Traders have started to price in the chances of a bigger 50 basis-point rate hike in March, although the odds remain low at about 23%, according to Fed fund futures, which suggest rates peaking at 5.4% by September, up from 4.57% now.

BofA Global Research cautioned the Fed could even hike interest rates to nearly 6%.

Economic data on Tuesday, however showed a reading of U.S. consumer confidence unexpectedly fell in February, while a gauge of home prices slowed further in December.

The blue-chip Dow dipped, weighed down by a 3.80% drop in Goldman Sachs after Chief Executive David Solomon said the bank is considering “strategic alternatives” for its consumer business.

The two-year U.S. Treasury yield, which typically moves in step with interest rate expectations, was up 2.3 basis points at 4.816%. A pullback in yields following the economic data helped boost the S&P 500 and Nasdaq, but the two indexes faded late in the session to close lower.

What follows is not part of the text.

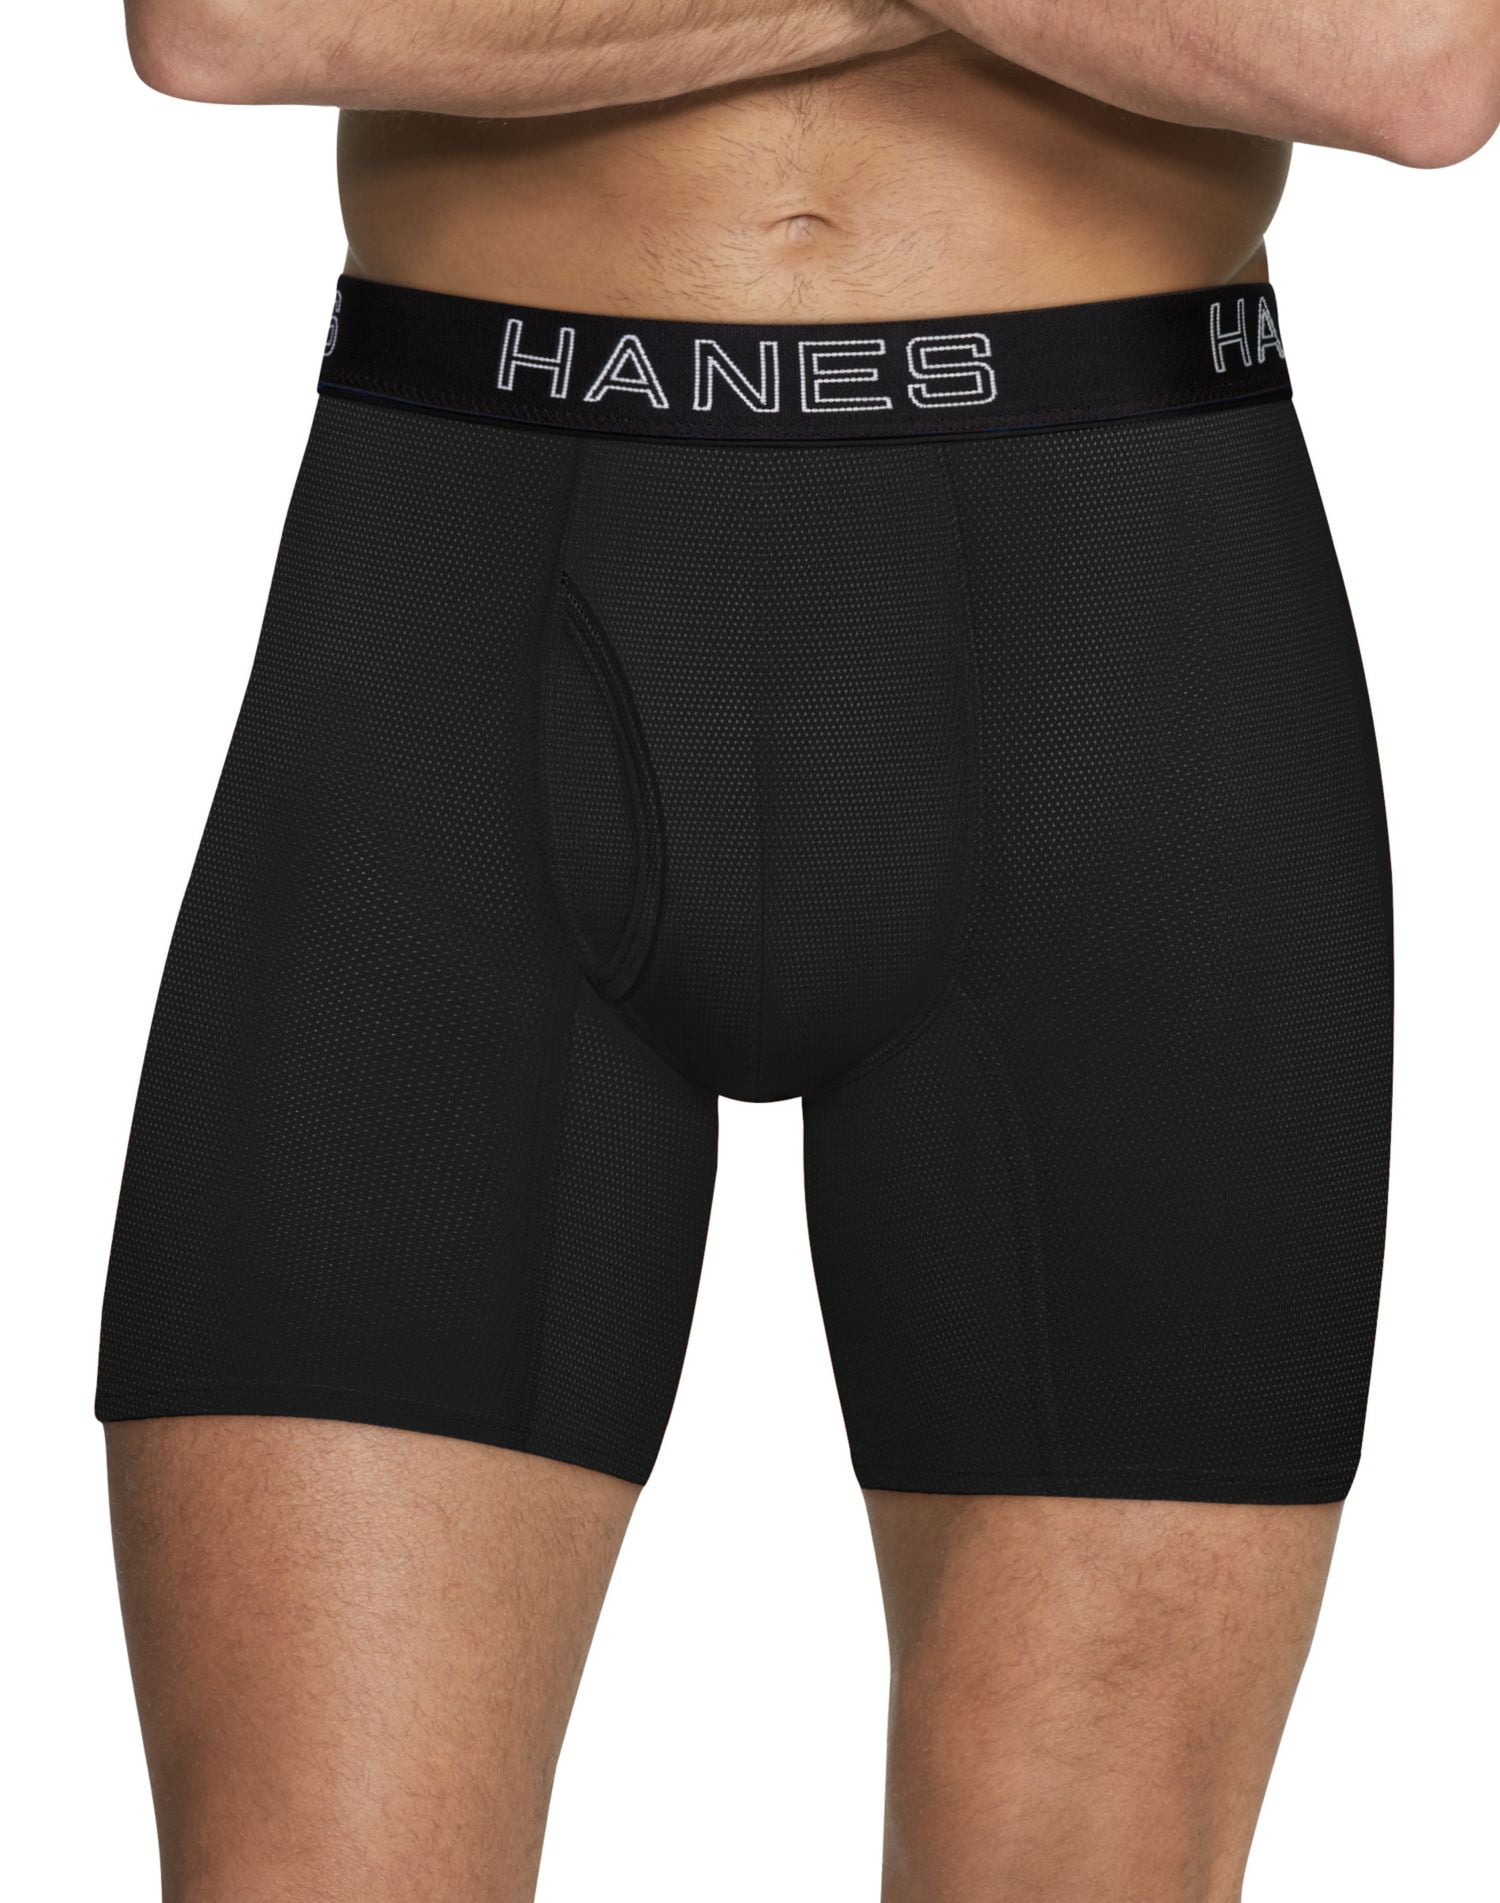 Men Breathable Mesh Panties Pouch Briefs Low Rise Flex Sports Underwear ...

Volatility has been common since the Fed began its rate hiking cycle last year. The S&P 500 has seen 18 sessions with gains or losses of at least 1% this year, equal to the first two months of 2022, which eventually saw 122 such trading days on the year.

Chicago Fed President Austan Goolsbee said the Fed must supplement traditional government data and readings from financial markets with real-time, on-the-ground observations of economic conditions if it is to make good policy, and not rely on market reactions.

Meta Platforms rose 3.19% after the Facebook parent said it was creating a new top-level product group focused on generative artificial intelligence.

Target Corp gained 1.01% after the big-box retailer reported a surprise rise in holiday-quarter sales but cautioned on 2023 earnings due to an uncertain U.S. economy.

Norwegian Cruise Line Holdings Ltd plunged 10.18% after the cruise operator’s full-year profit forecast fell short of estimates. It attributes the squeeze to soaring fuel and labour costs.

Volume on U.S. exchanges was 11.63 billion shares, compared with the 11.46 billion average for the full session over the last 20 trading days. Declining issues outnumbered advancing ones on the NYSE by a 1.13-to-1 ratio; on Nasdaq, a 1.03-to-1 ratio favored advancers. The S&P 500 posted 9 new 52-week highs and 10 new lows; the Nasdaq Composite recorded 85 new highs and 91 new lows.